Survey Data

Reg No

21829005


Rating

Regional


Categories of Special Interest

Architectural, Artistic


Previous Name

Monteagle Arms Hotel once M. Walsh


Original Use

Hotel


Historical Use

Terminal


In Use As

Museum/gallery


Date

1850 - 1870


Coordinates

124864, 151684


Date Recorded

24/08/2008


Date Updated

--/--/--


Description

Detached gable-fronted two-bay three-storey former railway hotel, built c. 1860, having two-bay four-storey extension with viewing gallery to west, two-bay two-storey addition to west and four-bay two-storey addition to south. External metal staircase to west elevation. Pitched slate roof with timber bargeboards finals and rendered chimneystacks. Pitched slate roof to additions having rendered chimneystacks. Flat roof to extension. Rendered walls. Square-headed openings having two-over-two pane timber sliding sash windows and concrete sills. Round-headed opening with spoked fanlight over half-glazed timber panelled double-leaf doors.
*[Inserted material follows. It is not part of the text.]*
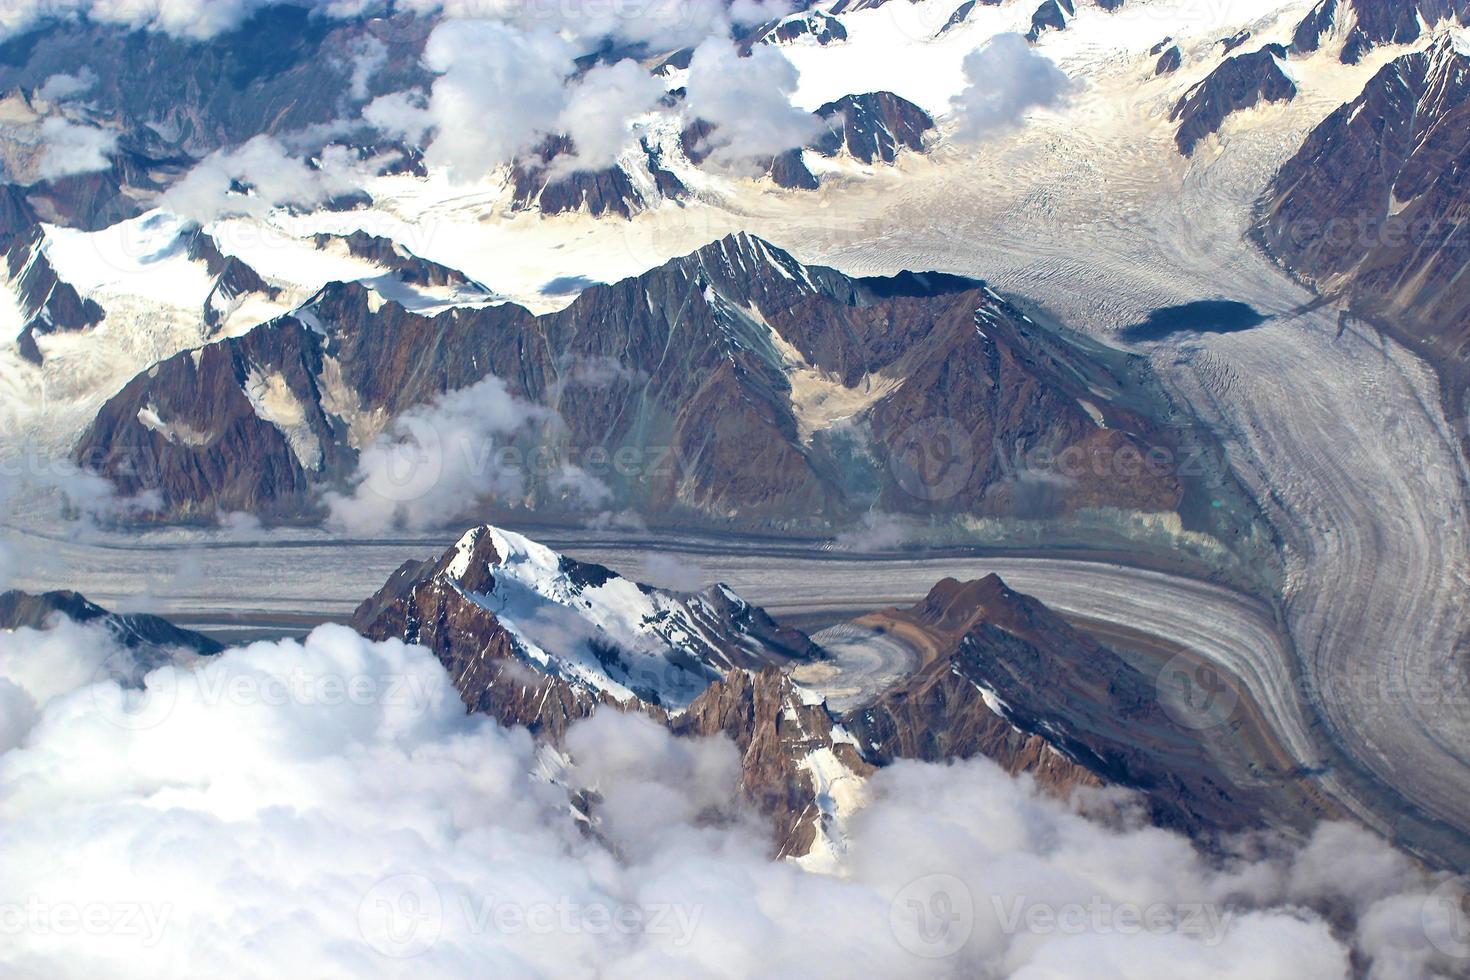 utsikt från himlen på ett berglandskap foto

Square-headed opening to east elevation having glazed overlight over timber panelled door. Square-headed opening to west addition with render architrave over double-leaf timber panelled door with glazed overlight and flanking sidelights having timber panelled risers. Pair of square-profile limestone piers to north with carved panels, plinths and ornate caps. Decorative cast-iron railings set in limestone plinths terminating in second pair of square-profile rusticated limestone piers.

Appraisal

This former hotel is an attractive late nineteenth-century building, which now houses the Foynes Flying Boat Museum. The attention to detail, an example being the decorative bargeboards and finely carved piers elevate this structure in the streetscape, whilst features such as the timber sliding sash windows, further enhance the building. This building makes a positive addition to the varied architectural heritage of Foynes, and it once housed the terminal building during the years when Foynes became the a major centre of the aviation world from 1939 to 1945.